Send back the records exactly as written, with no images.

BEGIN RECORDS SUPPLIED

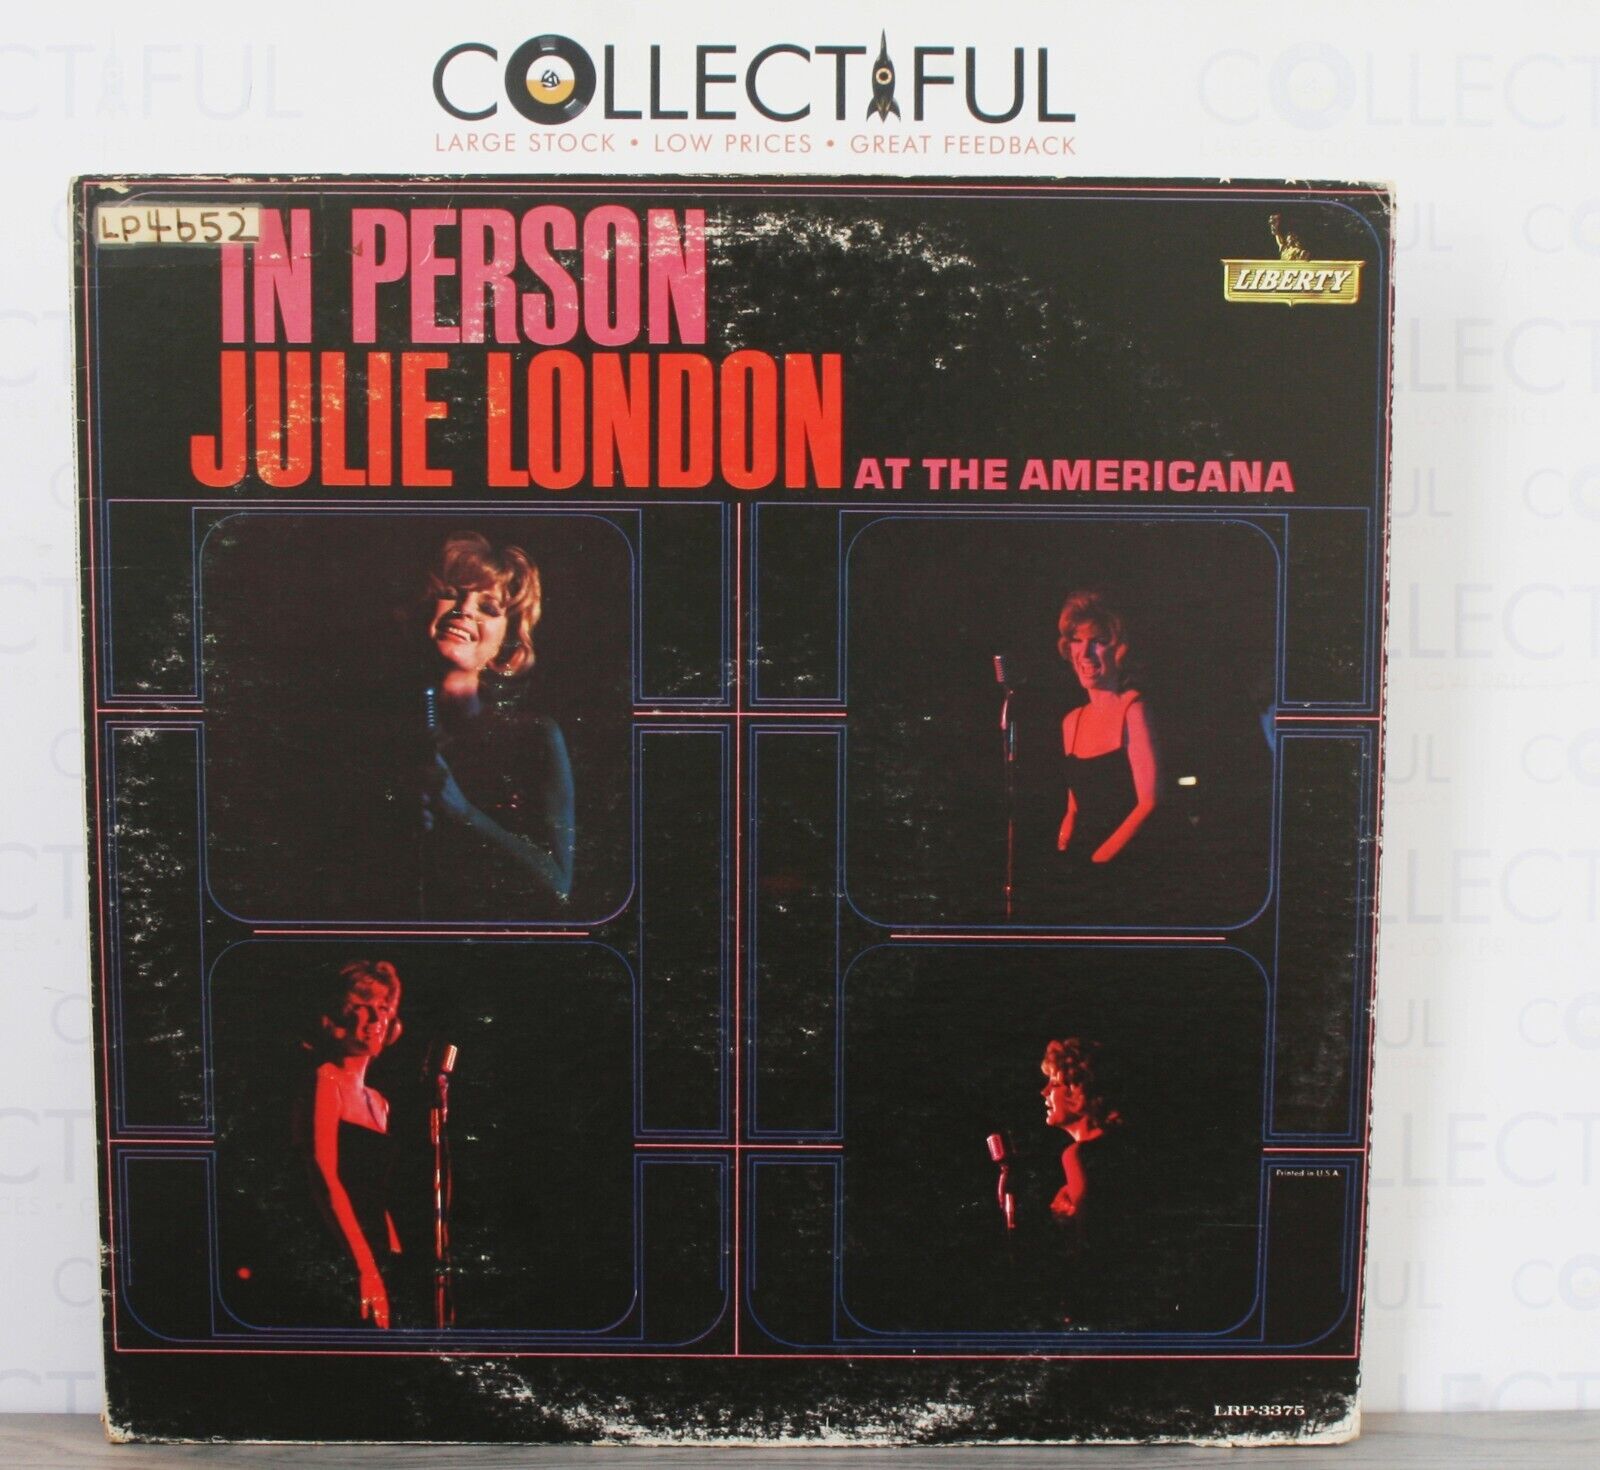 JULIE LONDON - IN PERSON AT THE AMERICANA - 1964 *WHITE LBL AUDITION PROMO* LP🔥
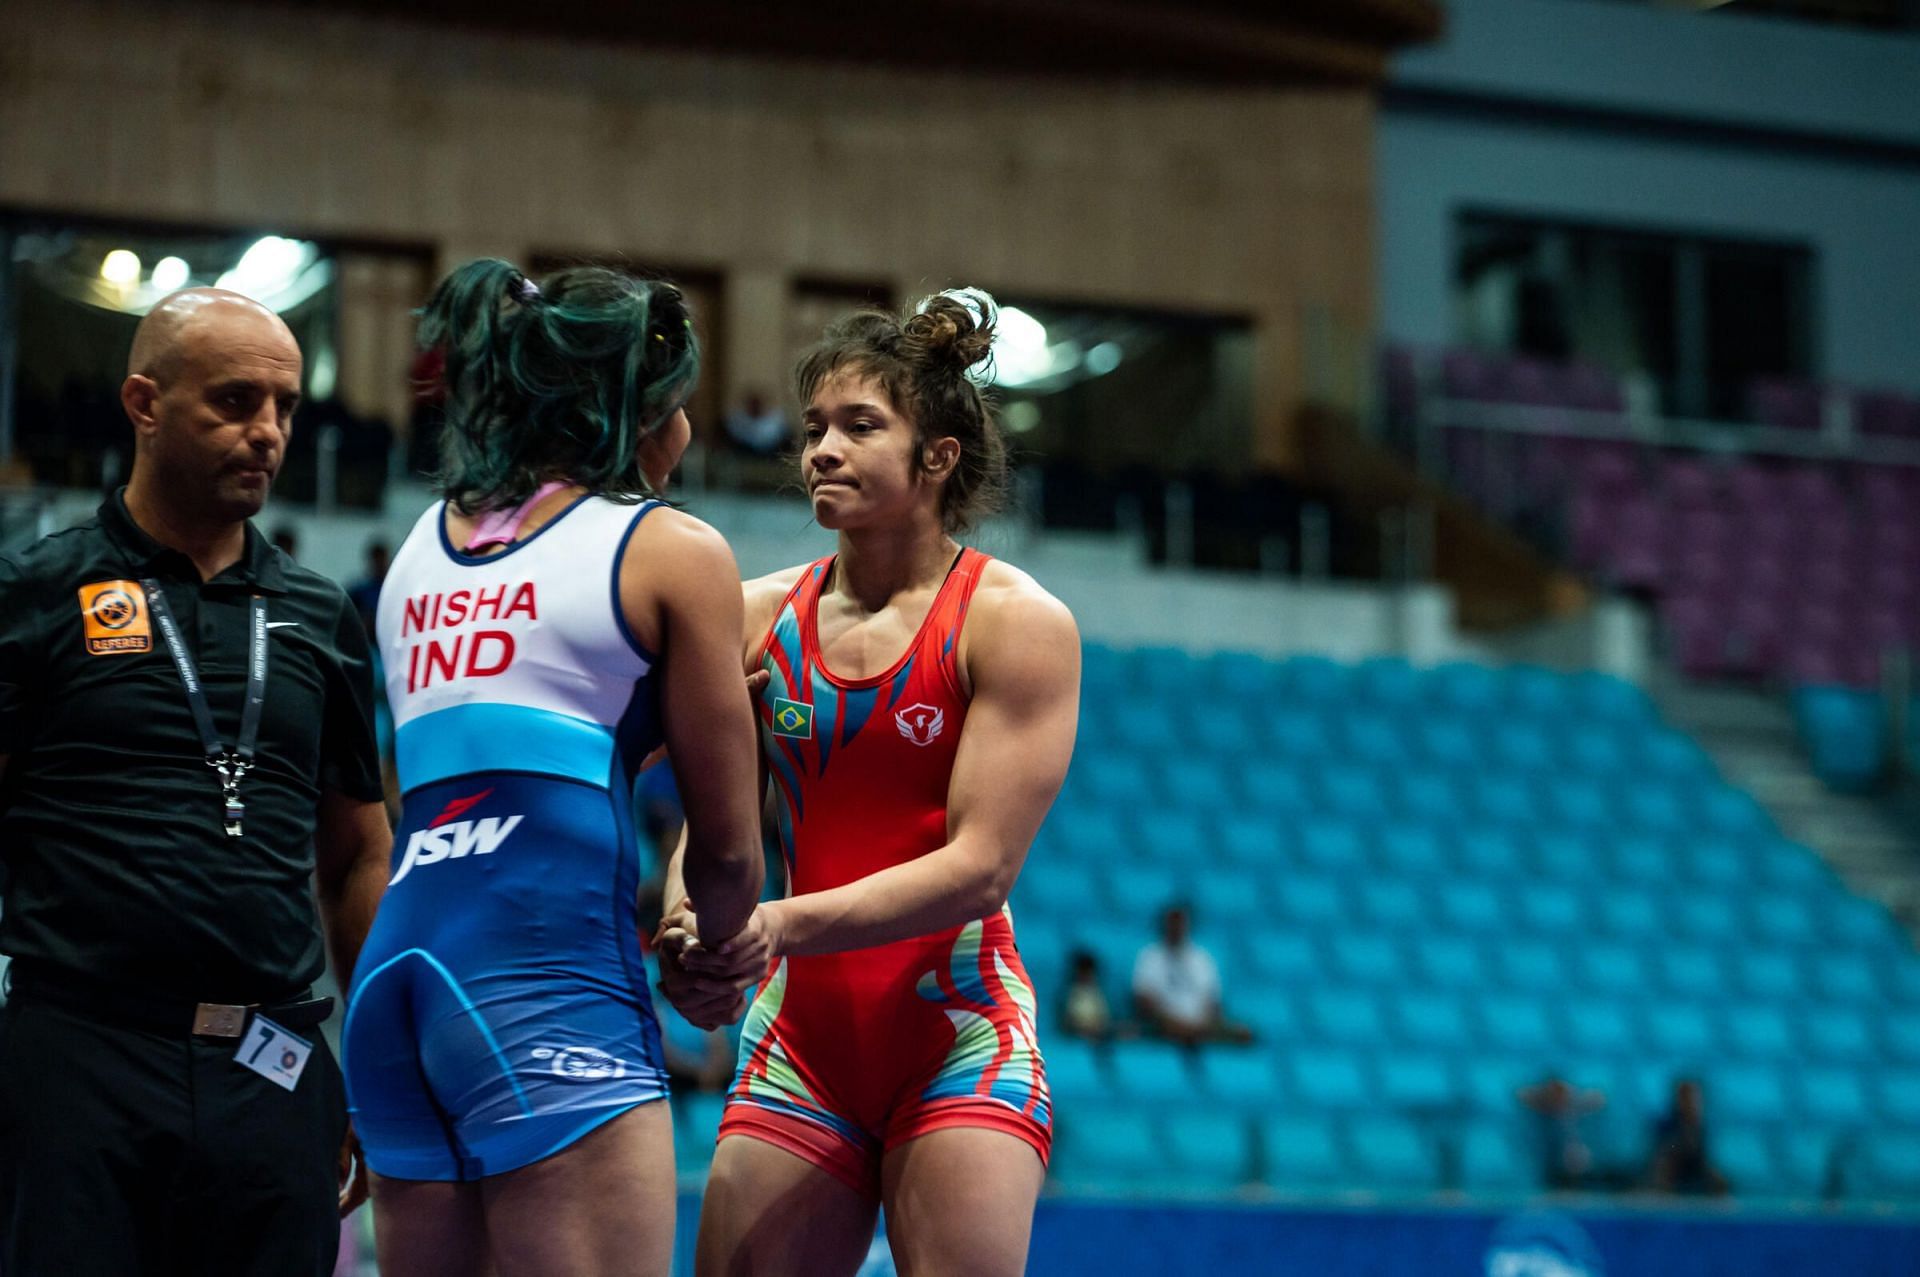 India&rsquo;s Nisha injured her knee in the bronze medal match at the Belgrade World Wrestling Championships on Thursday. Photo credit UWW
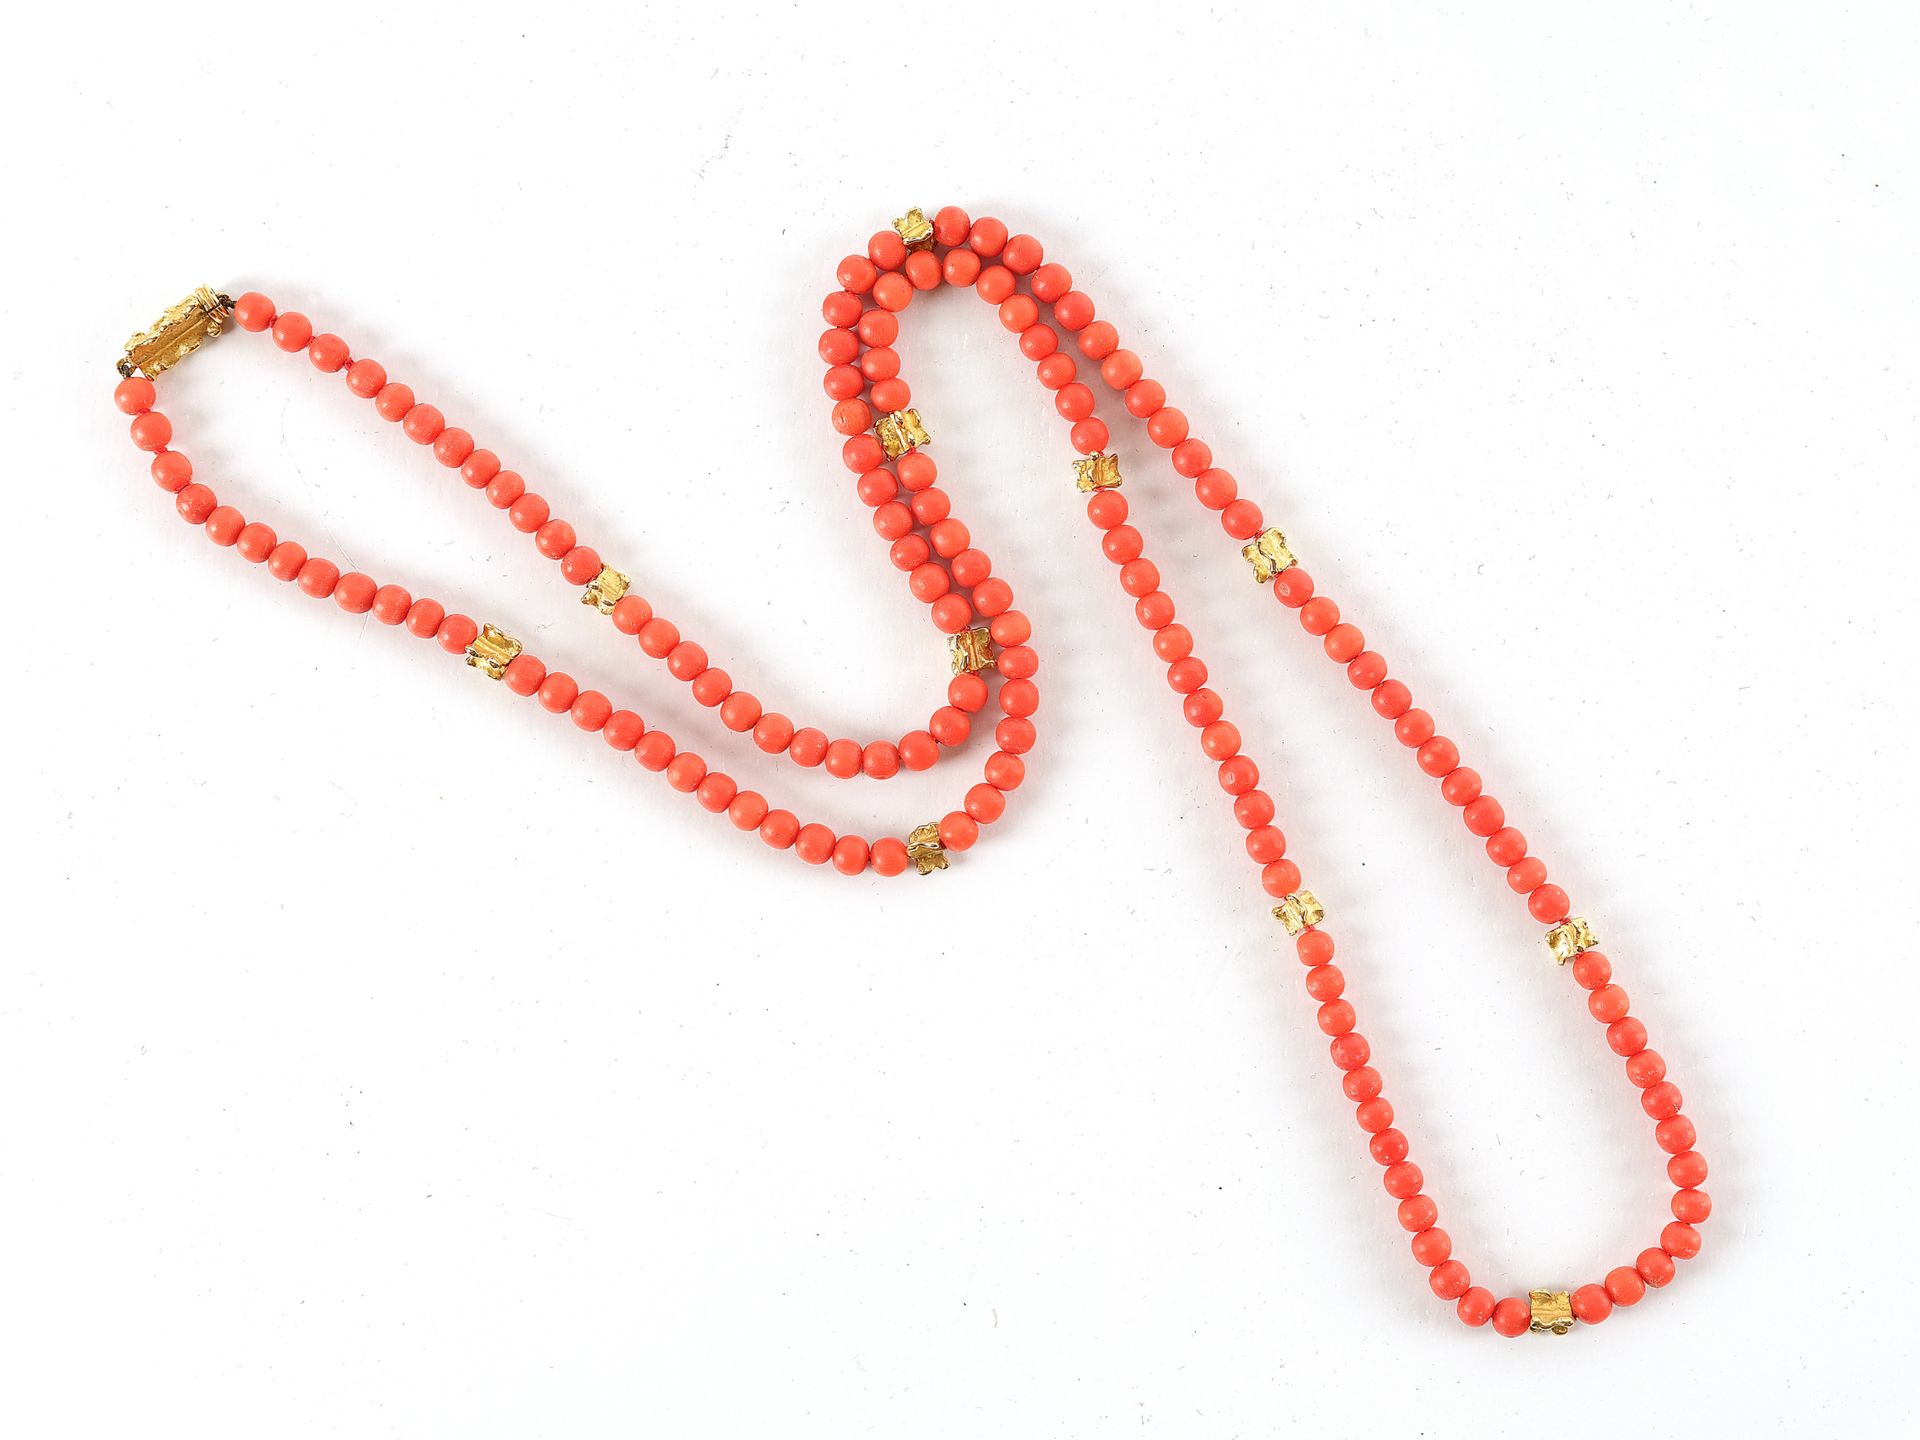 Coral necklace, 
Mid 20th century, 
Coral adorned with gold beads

END RECORDS SUPPLIED

▶ _WRITTEN SOLUTION_
 JULIE LONDON - IN PERSON AT THE AMERICANA - 1964 *WHITE LBL AUDITION PROMO* LP🔥
 India&rsquo;s Nisha injured her knee in the bronze medal match at the Belgrade World Wrestling Championships on Thursday. Photo credit UWW
 Coral necklace, 
Mid 20th century, 
Coral adorned with gold beads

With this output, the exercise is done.